Last year for mother's day I went all out. Her friend had died two months before, I got an unexpected £500. So I took her to a spa, then out to a three course meal and got her a giant bouquet. It cost a lot more than I was planning to pay as I didn't intend for it to be three course but I got carried away.

She has spoken about this all year.

I was a guest a panel last week and received the most lovely hamper as a thank you. It's from a social enterprise, it's full of sustainable products and is really really lovely, every product has an interesting story.

I was about to tuck into it myself but then I had the idea to regift it to mum but obviously she wouldn't know it was a regift.

But it's not the same as a £150 spa day and £150 dinner.

I looked up the brand online and I couldn't find the exact one so I think it was a build your own hamper and I guess around £50.

I wouldn't give her a gift I thought she wouldn't like.

If she wasn't comparing to last year it would have gone down really well.
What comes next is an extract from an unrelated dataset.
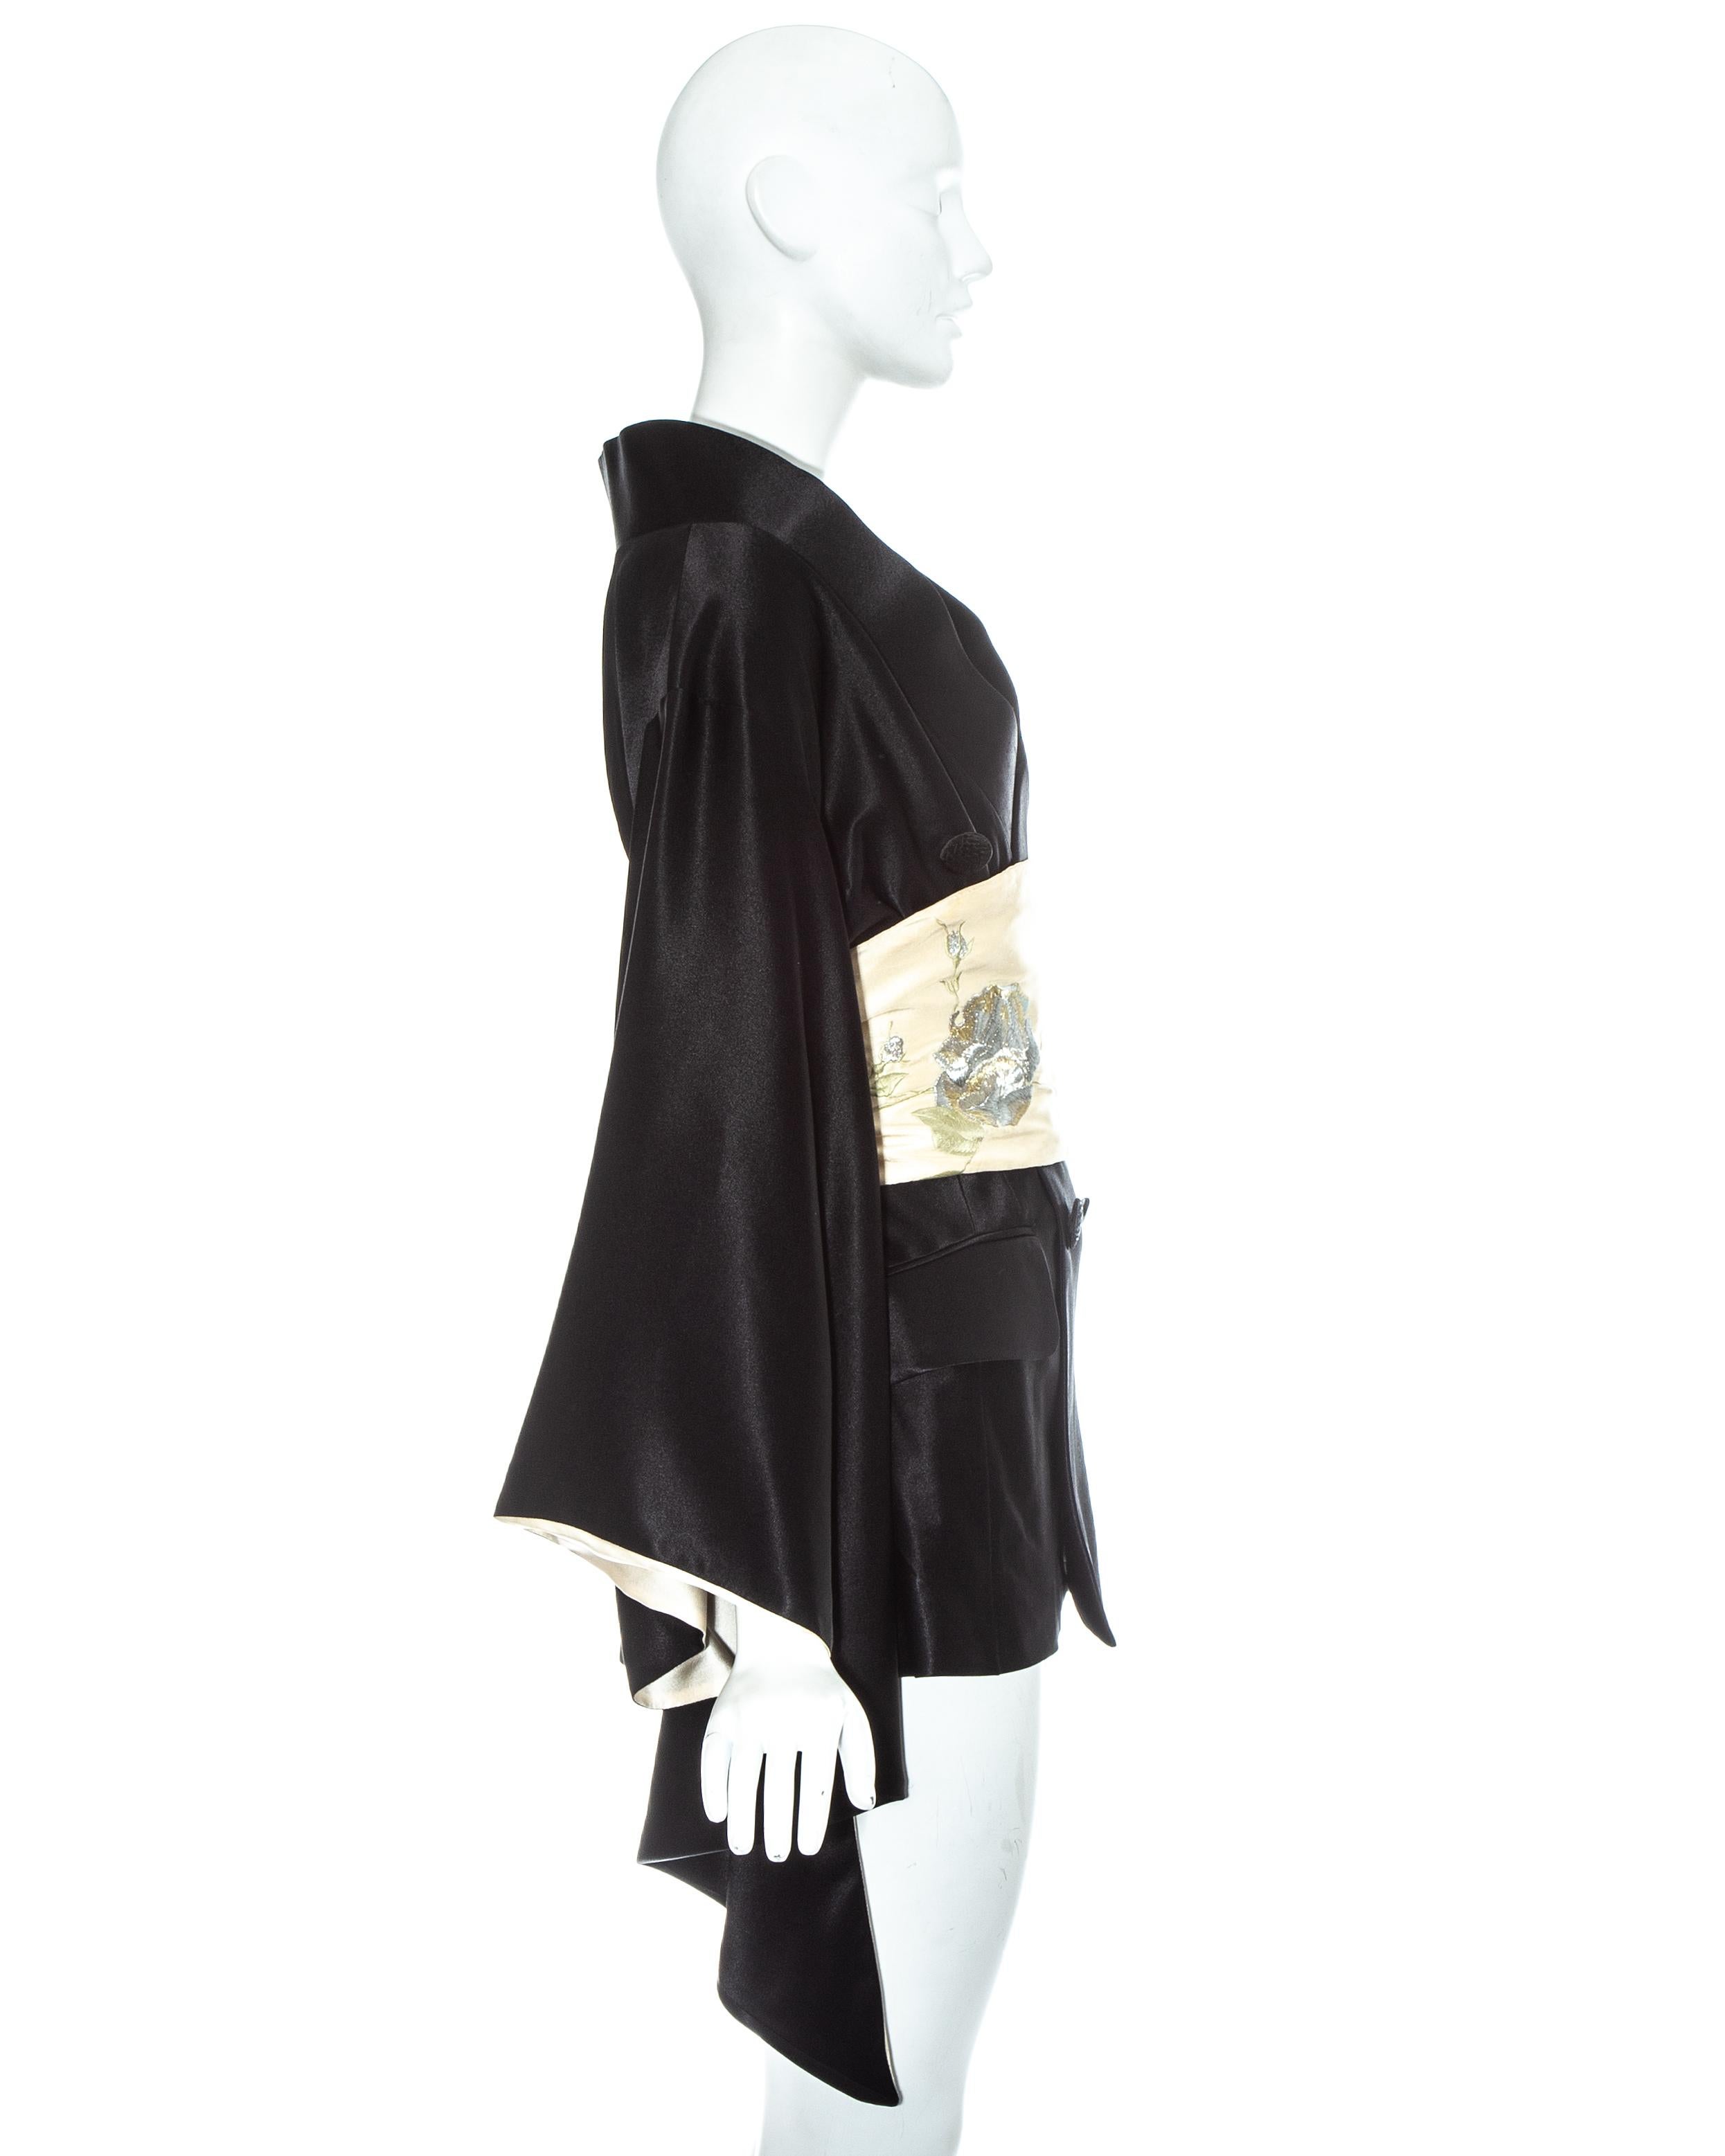 Women's John Galliano Minimono / kimono mini dress with embroidered obi belt, fw 1994

It's not that she would dislike the gift, just that she would be expecting more.

She messaged this morning saying how much she loved Mother's Day last year and how special it made her feel. I know this is a hint and I feel so rubbish.

I have to be careful with mum because if I do something like offer to cook her dinner she will say 'let's just go out to eat'.

AIBU to give her this gift?

Give her the hamper. If that’s not enough for her then her attitude to “ gifts” is all wrong. explain nothing. Just hand it over and I’m sure, thinking as a mum myself, she would be very grateful. Next year will be easier as her expectations will be much less.